# Did you have a Vivent Home Security rep @ your door?



## R.O.V. (May 16, 2010)

I had a young guy dressed in bright orange shirt and sneakers (reminded me of ING colors) knocking on my door this weekend. He seemed a little aggressive and was pushing a wireless home security system. They basically lock you into a long-term contract (3.5 yrs @ $50/mo)...told me we are a referral home i.e. we do not have to pay for the hardware (panel, window contacts, etc).

I wanted to check here first and see if any of you had experiences with this company? BTW I have not signed or bought anything and suspicious about the whole thing.


----------



## the-royal-mail (Dec 11, 2009)

As usual with this type of thing, I just do a google search. There were a couple of negative websites. Here is one which gives a few bits of info.

http://www.bloomberg.com/news/2011-...mation-vivint-needs-some-aggressiveness-.html

722 complaints....hmm.

http://roanoke.bbb.org/article/vivi...ty-company-visiting-local-neighborhoods-27415

I say spend some time on google and decide for yourself.


----------



## LondonHomes (Dec 29, 2010)

R.O.V. said:


> They basically lock you into a long-term contract (3.5 yrs @ $50/mo)...told me we are a referral home i.e. we do not have to pay for the hardware (panel, window contacts, etc).

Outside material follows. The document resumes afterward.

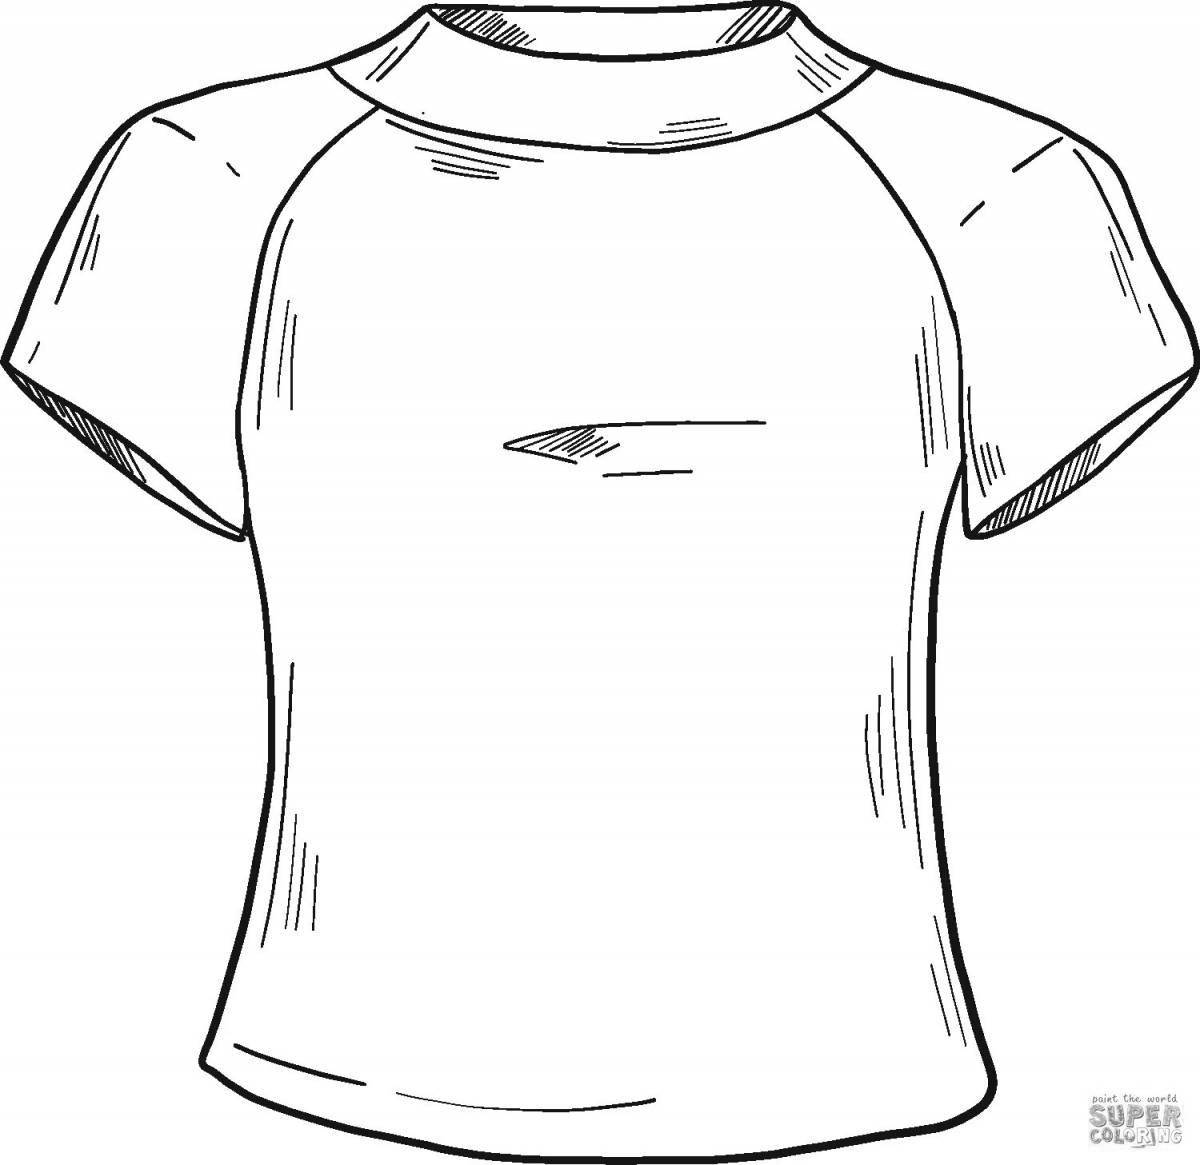 Coloring page with colorful t-shirt

That sounds pretty damn expensive to me. We put in a system a few years ago at no cost and we are paying about $20 / month for monitoring. It was a 3 year contract and at the end of that time we received a new system upgrade for another 3 year extension.

I agree with the prior poster, if your in the market for a security system do some googling and find a company with a good rep.


----------



## FrugalTrader (Oct 13, 2008)

I had them approach our house and they seemed very scammy. So much so that one of my neighbors called the cops!


----------



## Jungle (Feb 17, 2010)

Don't they always say there's been a few break ins in the neighborhood lately? Is that not a scare tactic?


----------



## HaroldCrump (Jun 10, 2009)

Jungle said:


> Don't they always say there's been a few break ins in the neighborhood lately? Is that not a scare tactic?


The extent of my distrust and skepticism around these guys is that they are able to gather the information required to engineer a break-in themselves or by sourcing it out.
For example, they are able to figure out whether you already have a system, if yes, which one, etc.
Perfect case of social engineering.

My response to such folks would be to tell them you already have a monitored security system (with voice) installed.
Which one and how much you pay for it is none of their business.
Thanks, and have a great day.


----------



## R.O.V. (May 16, 2010)

HaroldCrump said:


> The extent of my distrust and skepticism around these guys is that they are able to gather the information required to engineer a break-in themselves or by sourcing it out.


I must say the guy who was at my door on the weekend seemed pretty 'sketchy'. I was actually thinking, while sitting in my office today, that a break-in cold be possible especially since I made the mistake of confirming my shed wasn't monitored by my existing system when he asked (the question kinda caught me off-guard)...and I don't wanna lose any of my tools


----------



## Jungle (Feb 17, 2010)

Good point harold. Might as well tell these people you have a dog that attacks as well.


----------